I haven't checked whether the dozer blade will fit up on the Husqvarna....I'm pretty sure I could modify it to fit if need be....but I doubt I'll use it as I've given all my plowing chores to my UTV. I primarily purchased my GTH to replace my Murray 46" lawn mower and my Craftsman which had been relegated to garden duty. The garden duty will now be assigned to my Simplicity 7112. So I'll primarily be uing my GTH as a lawn mowing/pine needle collecting machine. It came with a 3-bin bagger and blower unit. I've driven it around a little as I wait for all the snow to melt and it's very comfortable. I think I'm going to fix up the right side compartment to hold ice so I can keep a "cool one" readily at hand as I keep expanding the area I mow this year:beer:. 





wjjones said:


> I noticed they changed the model# on the new ones Argee they are GT52XLS now but it looks just like yours.


Yes...it is the same unit.


----------



## Ed-GT5000 (Apr 26, 2013)

Thank you for all the info Argee, I looked at the Husqvarna again and the way the deck is fitted to the tractor is completely different from my GT5000 so the plow blade is not going to fit right on. I really thought this was a GT from the name and the big tires. All that said it does look to be the most sturdy unit at lowes. however I am still looking at what will be the best for me. I did get my cub cadet running today looks like it will need at least one front tire to get it going the deck is off and will need TLC all over to get it servicable. I see that it is a 1315. the engine it great but I may just buy a cheap new LT to get me cutting. while I work on other projects. I really dont need a true GT but if I go for a small LT 42" cut Who makes quality nowadays? the market seems that the smaller they get the cheaper they get. I looked at the cub cadet 1040, it looked cute and I could see my self using it. But the reviews are not so great.

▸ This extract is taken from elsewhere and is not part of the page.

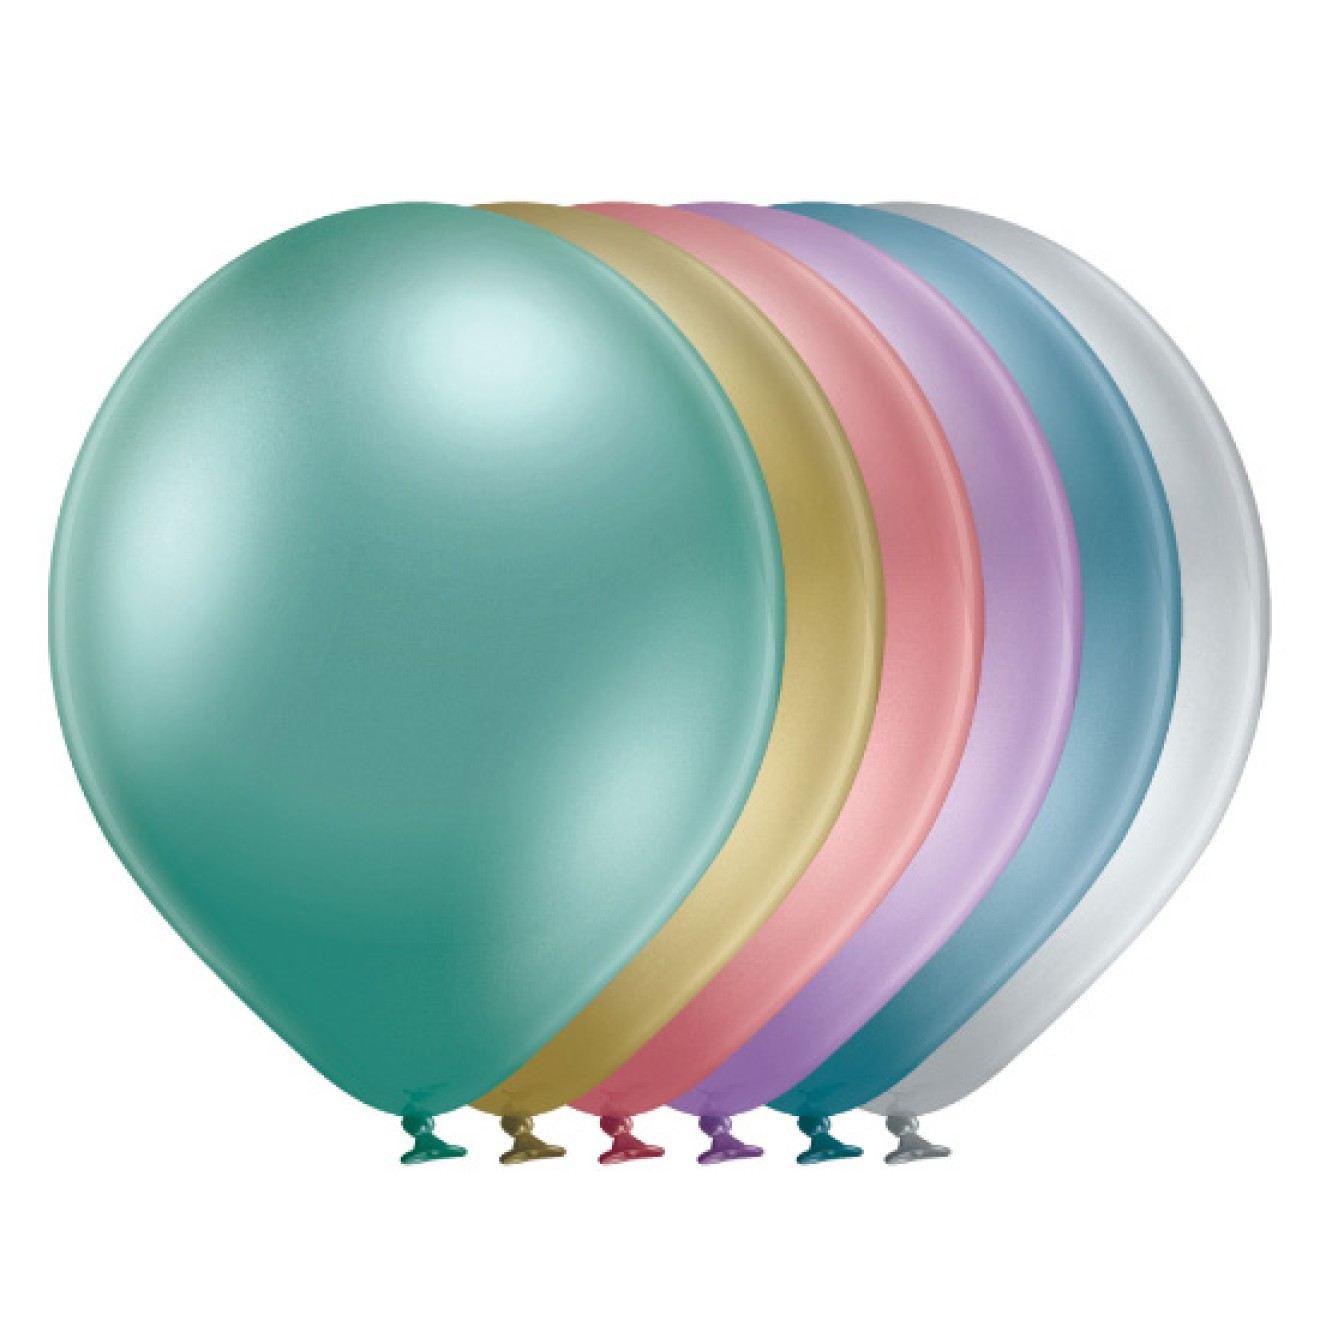 Luftballons Bunt gemischt - Glossy (Chrome)

While I was at lowes I also took a second look at troy bilt bronco be cause it has a kohler, certainly a cheepo and the JD L105 if the JD had a Kohler I would buy it.


----------



## Argee (Sep 17, 2003)

Ed-GT5000 said:


> Thank you for all the info Argee, I looked at the Husqvarna again and the way the deck is fitted to the tractor is completely different from my GT5000 so the plow blade is not going to fit right on. I really thought this was a GT from the name and the big tires. All that said it does look to be the most sturdy unit at lowes. however I am still looking at what will be the best for me. I did get my cub cadet running today looks like it will need at least one front tire to get it going the deck is off and will need TLC all over to get it servicable. I see that it is a 1315. the engine it great but I may just buy a cheap new LT to get me cutting. while I work on other projects. I really dont need a true GT but if I go for a small LT 42" cut Who makes quality nowadays? the market seems that the smaller they get the cheaper they get. I looked at the cub cadet 1040, it looked cute and I could see my self using it. But the reviews are not so great.
> 
> While I was at lowes I also took a second look at troy bilt bronco be cause it has a kohler, certainly a cheepo and the JD L105 if the JD had a Kohler I would buy it.

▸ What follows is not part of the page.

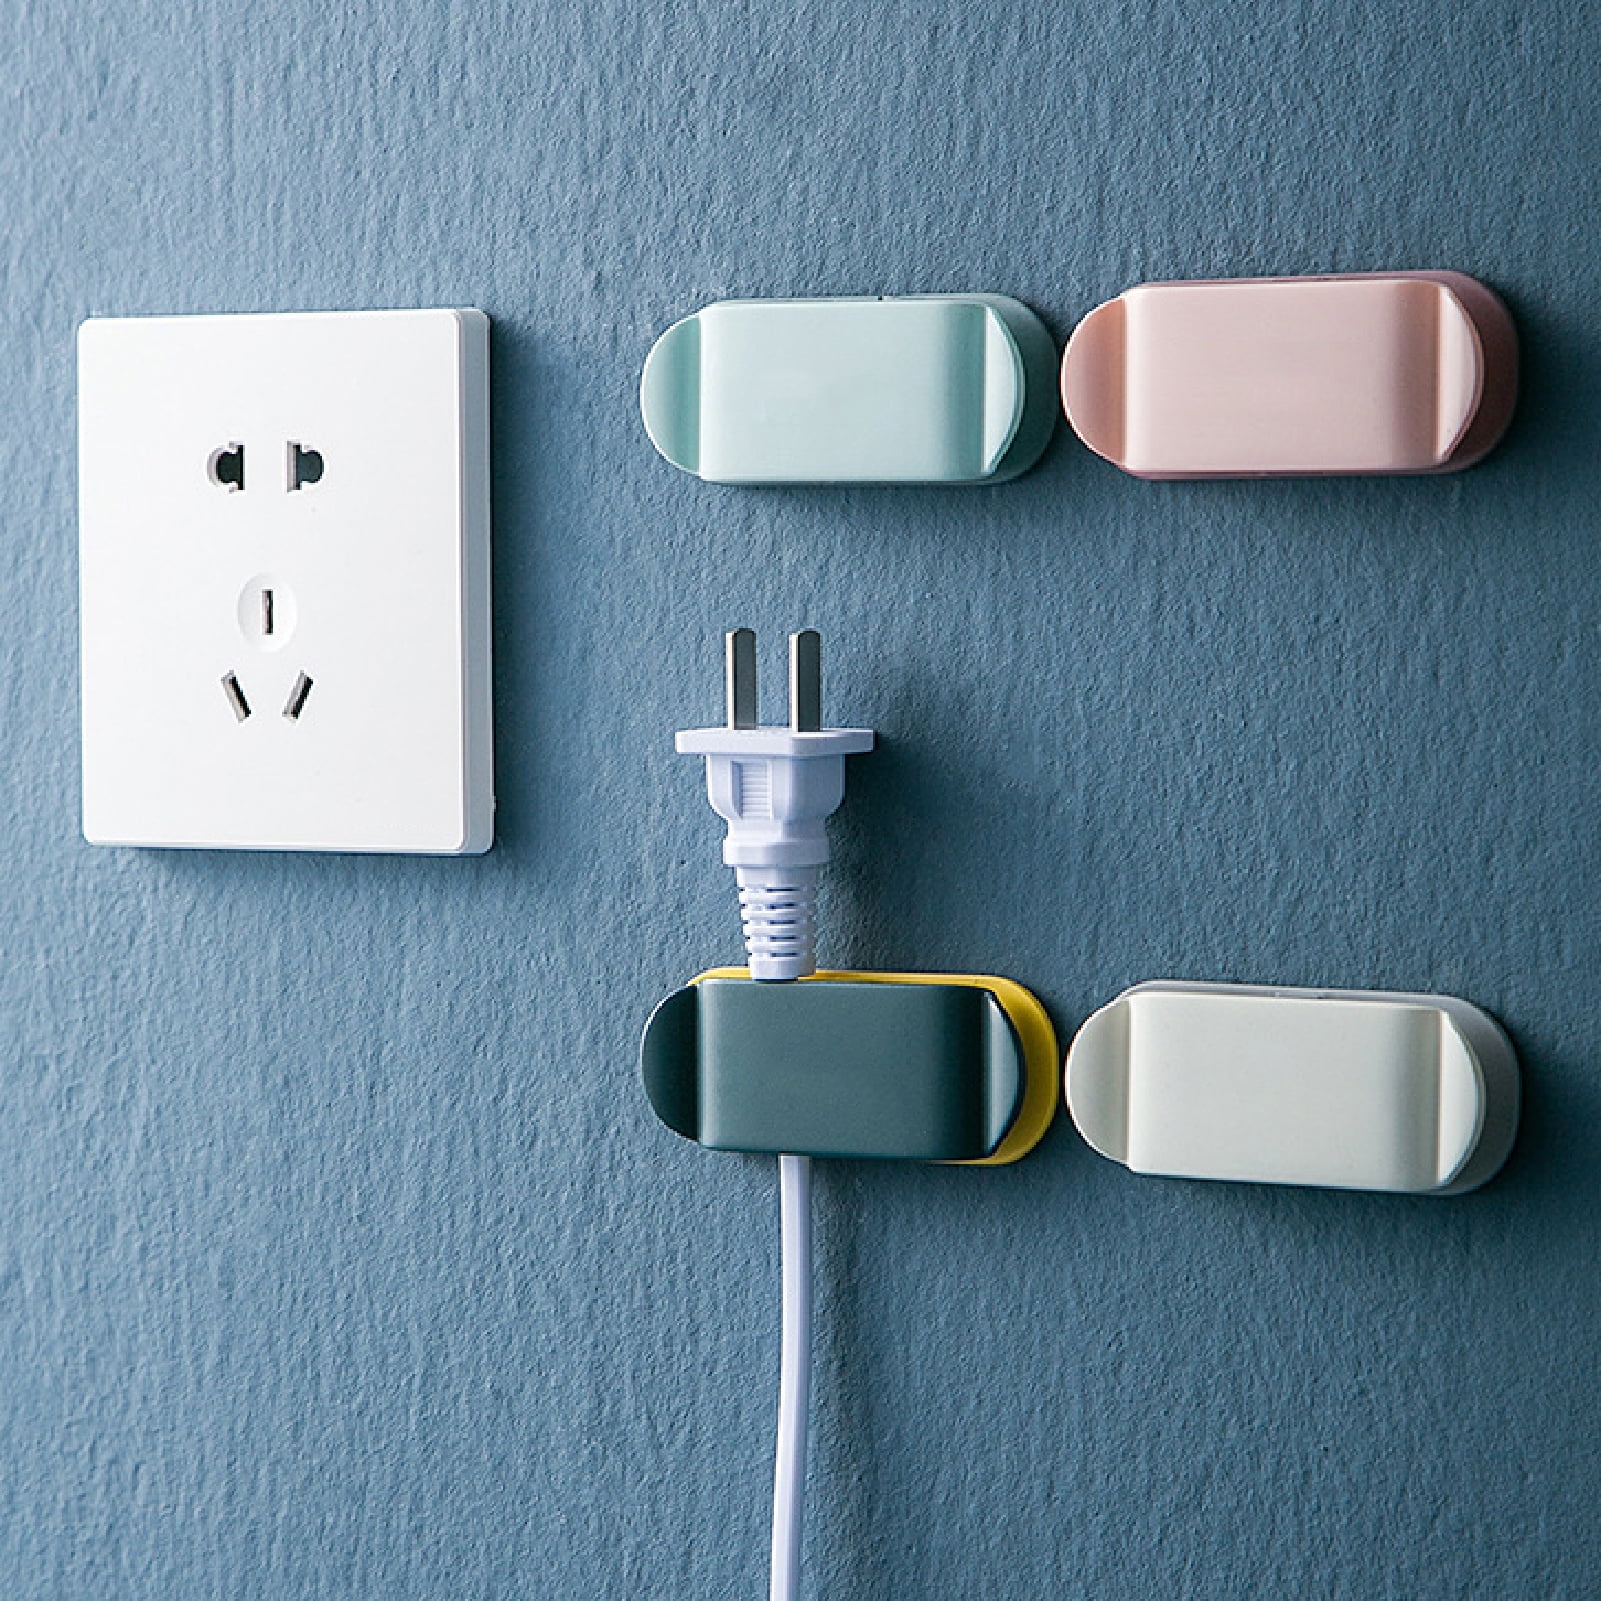 4Pcs Home Office Wall Adhesive Plastic Power Plug Socket Holder Hanger Hook YR

You're welcome! I've worked at Home Depot for 11 years.....and as a Millwork Specialist for the last 9 years. I mentioned to them in late winter that I was getting stale in my position and would like a little variety....so this year they accomadated me and I now work a few days a week in the Garden dept. as an Power Equipment Specialist. I'm selling tractors, chainsaws, tillers, etc. and having a ball......the reason I'm mentioning this is not to brag.... but because it has given me the opportunity to take a long and hard look at the John Deere 100 series, Cub Cadet 1000 series and the Ariens Lawn tractors. I gotta say....the one that impresses me the most is the Cub Cadet....specifically the LGT 1054. It's a solid, well thought out little tractor with some real nice components. It has a 26 HP Kohler, the Hydro-Gear 320-0610 which I'm guessing is similar to *this one*, and an impressive mower deck that you can step on to mount the tractor. If you get an opportunity to look this Cub Cadet over, I think you'll be as impressed as I am. (As much as I love my Husqvarna, getting on and off is awkward becasue of the wide deck.) I'm pretty sure I'm going to engineer the belt covers to be "step on" design to facilitate mounting the tractor.....even if I have to buy them from Cub Cadet and paint them orange


----------



## Ed-GT5000 (Apr 26, 2013)

Yes that LGT1054 is one nice machine! but out of price range for now with a new house to close on Friday. I think I am going to try to get by with the old cub rider for this summer if the neighbors don't laugh at me too much. I ordered two inner tubes from Jacks small engines for the front. The neghbors will have to get used to old riding mowers with me there anyway :lmao:

Here Is the ugly cub and that is my GT5000 upper left


----------



## Argee (Sep 17, 2003)

That's a nice looking machine! A little tire repair, a new seat and some paint and she'll look like new! Does it run pretty well?


----------



## Ed_GT5000 (Sep 30, 2003)

Yes The engine is strong. it is a 12.5 kohler. About 4 years ago I went through it with new rings, lapped the valves and new gaskets. I then used it very little to pull a lawn cart around. since then it has sat outside for two years. I put a battery in it and pulled the spark plug and jumped the selenoid to get oil flowing. put the plug back in, dumped gas in tank and carb and it fired right up. It idels down great but I have to put the choke on half for high RPM so it will need a carb cleaning. I like it for what it is but top dollar for this model is about $400 on a good day so if I put anything into this one it will not show much return. The good news is it was free.


----------



## Ed_GT5000 (Sep 30, 2003)

Thought I would post a link to a thread I started in the cub cadet forum that shows the progress I have made so far. 

http://www.tractorforum.com/f284/1315-work-progress-24539/


----------



## Argee (Sep 17, 2003)

Amazing what a little TLC does for it!


----------